Spiriva Respimat OKed for COPD in Europe

29 July 2007

German drug major Boehringer Ingelheim and world pharmaceutical giant Pfizer have completed the approval process for authorization to market their co-developed Respimat Soft Mist inhaler in conjunction with the chronic obstructive pulmonary disease drug Spiriva (tiotropium bromide) in the European Union for people with COPD.

"Spiriva Respimat represents a major step forward in COPD and inhalation therapy. Many patients find certain inhaler devices difficult to coordinate and use," said Marc Decramer, Respiratory Division of the Katholieke Universiteit Leuven, Belgium. "Spiriva Respimat has a unique and sophisticated delivery system, and a user-friendly design, making it easy to use and suitable for a broad range of patients with COPD. In addition, the long-lasting, soft mist cloud generated by Spiriva Respimat ensures optimized delivery of Spiriva to the lungs, helping patients breathe more easily," he added.

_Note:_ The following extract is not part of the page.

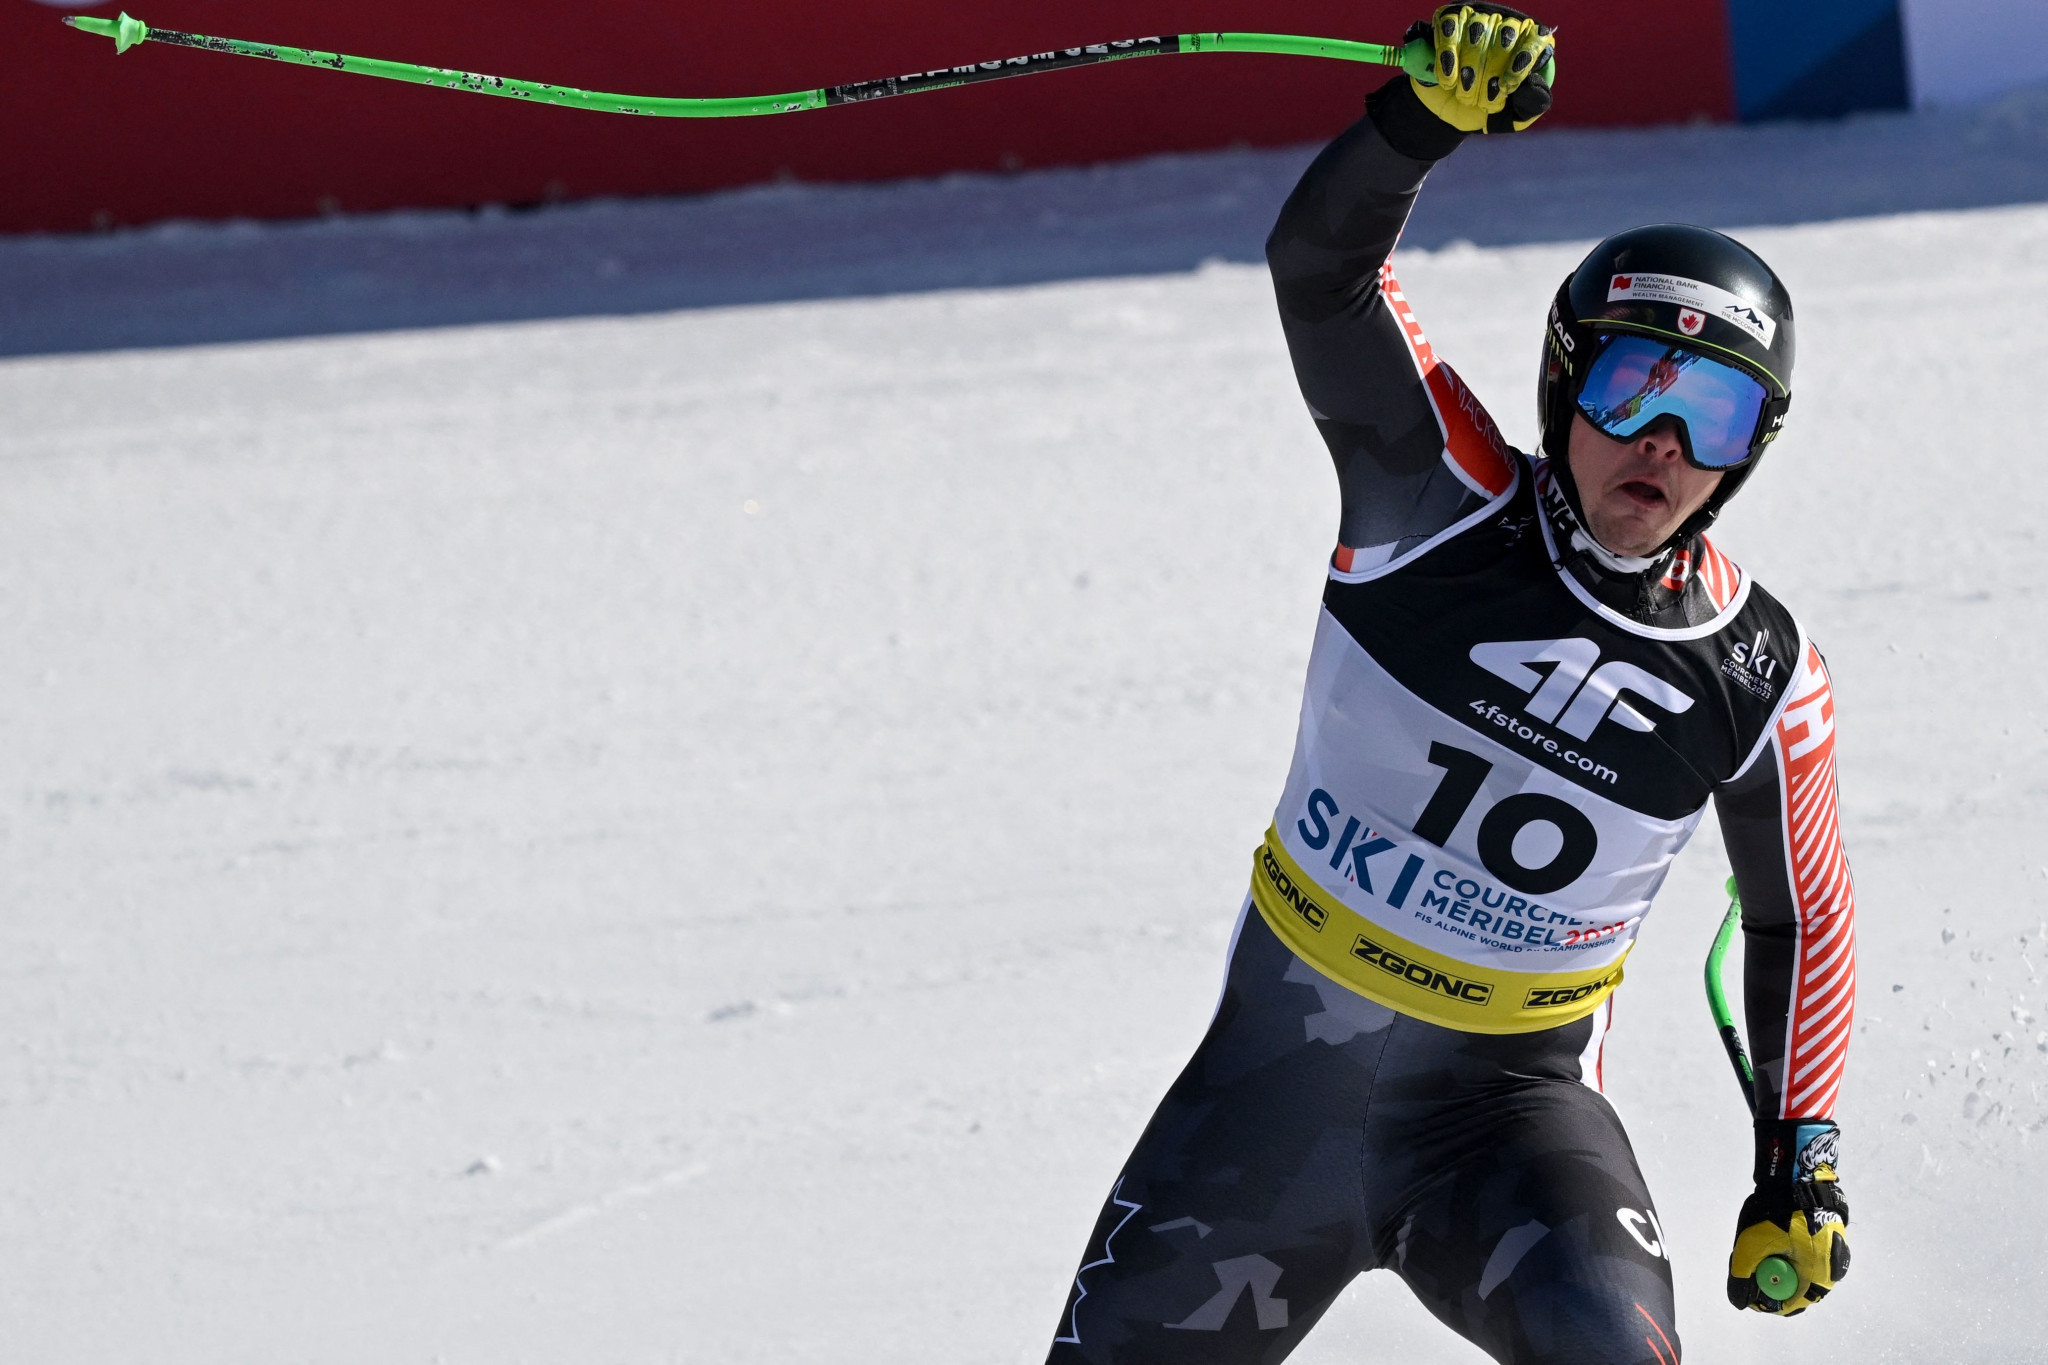 James Crawford punches the air after securing the quickest super-G time to clinch gold ©Getty Images

In clinical studies comparing inhaler devices, patients preferred Boehringer's product, which may help increase patient compliance with therapy, while the novel dose-delivery system of the product also means that, unlike dry-powder inhalers, the delivered dose is not dependent on patients' inspiratory flow, the firm noted, adding that its first-line maintenance therapy for COPD positively impacts the clinical course of the disease, helping to change the way patients live with their condition. The efficacy of Spiriva has been demonstrated in a clinical development program involving 25,000 patients and the agent the most prescribed brand of COPD drug in the world.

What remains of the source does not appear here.